| Task instructions |
Your task is to set down the line containing "LLB Part-1 Question" and every later line of the entries, word for word, including the last.

| Entries shown |
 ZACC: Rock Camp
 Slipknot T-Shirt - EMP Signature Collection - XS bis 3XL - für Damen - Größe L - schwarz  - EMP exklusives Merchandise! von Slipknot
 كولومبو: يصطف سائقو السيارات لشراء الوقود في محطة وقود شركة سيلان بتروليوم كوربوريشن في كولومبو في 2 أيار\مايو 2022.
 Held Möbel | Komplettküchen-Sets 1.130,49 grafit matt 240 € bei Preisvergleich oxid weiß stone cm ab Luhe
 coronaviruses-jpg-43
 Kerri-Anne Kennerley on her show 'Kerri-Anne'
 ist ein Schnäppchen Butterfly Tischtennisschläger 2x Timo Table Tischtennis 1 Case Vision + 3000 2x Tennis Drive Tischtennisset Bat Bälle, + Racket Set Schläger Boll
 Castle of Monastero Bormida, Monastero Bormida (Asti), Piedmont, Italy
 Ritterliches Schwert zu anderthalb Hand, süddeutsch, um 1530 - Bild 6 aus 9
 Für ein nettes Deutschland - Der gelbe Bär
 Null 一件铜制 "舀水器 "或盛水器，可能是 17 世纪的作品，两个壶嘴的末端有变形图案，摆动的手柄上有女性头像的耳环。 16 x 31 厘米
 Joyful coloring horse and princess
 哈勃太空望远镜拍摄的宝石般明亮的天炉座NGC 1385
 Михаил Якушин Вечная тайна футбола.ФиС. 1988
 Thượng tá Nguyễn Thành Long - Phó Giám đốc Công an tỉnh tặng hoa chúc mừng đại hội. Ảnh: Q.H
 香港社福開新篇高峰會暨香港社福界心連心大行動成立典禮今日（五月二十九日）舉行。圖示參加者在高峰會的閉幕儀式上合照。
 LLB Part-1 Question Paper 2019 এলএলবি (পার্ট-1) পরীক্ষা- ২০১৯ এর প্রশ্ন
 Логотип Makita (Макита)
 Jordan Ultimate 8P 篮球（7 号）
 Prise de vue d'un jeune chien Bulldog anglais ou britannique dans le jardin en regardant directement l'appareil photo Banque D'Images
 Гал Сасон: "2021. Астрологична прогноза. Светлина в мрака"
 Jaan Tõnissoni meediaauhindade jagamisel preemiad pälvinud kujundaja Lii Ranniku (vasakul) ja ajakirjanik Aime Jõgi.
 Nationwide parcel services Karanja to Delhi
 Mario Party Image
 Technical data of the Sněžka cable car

| Output for this task |
 LLB Part-1 Question Paper 2019 এলএলবি (পার্ট-1) পরীক্ষা- ২০১৯ এর প্রশ্ন
 Логотип Makita (Макита)
 Jordan Ultimate 8P 篮球（7 号）
 Prise de vue d'un jeune chien Bulldog anglais ou britannique dans le jardin en regardant directement l'appareil photo Banque D'Images
 Гал Сасон: "2021. Астрологична прогноза. Светлина в мрака"
 Jaan Tõnissoni meediaauhindade jagamisel preemiad pälvinud kujundaja Lii Ranniku (vasakul) ja ajakirjanik Aime Jõgi.
 Nationwide parcel services Karanja to Delhi
 Mario Party Image
 Technical data of the Sněžka cable car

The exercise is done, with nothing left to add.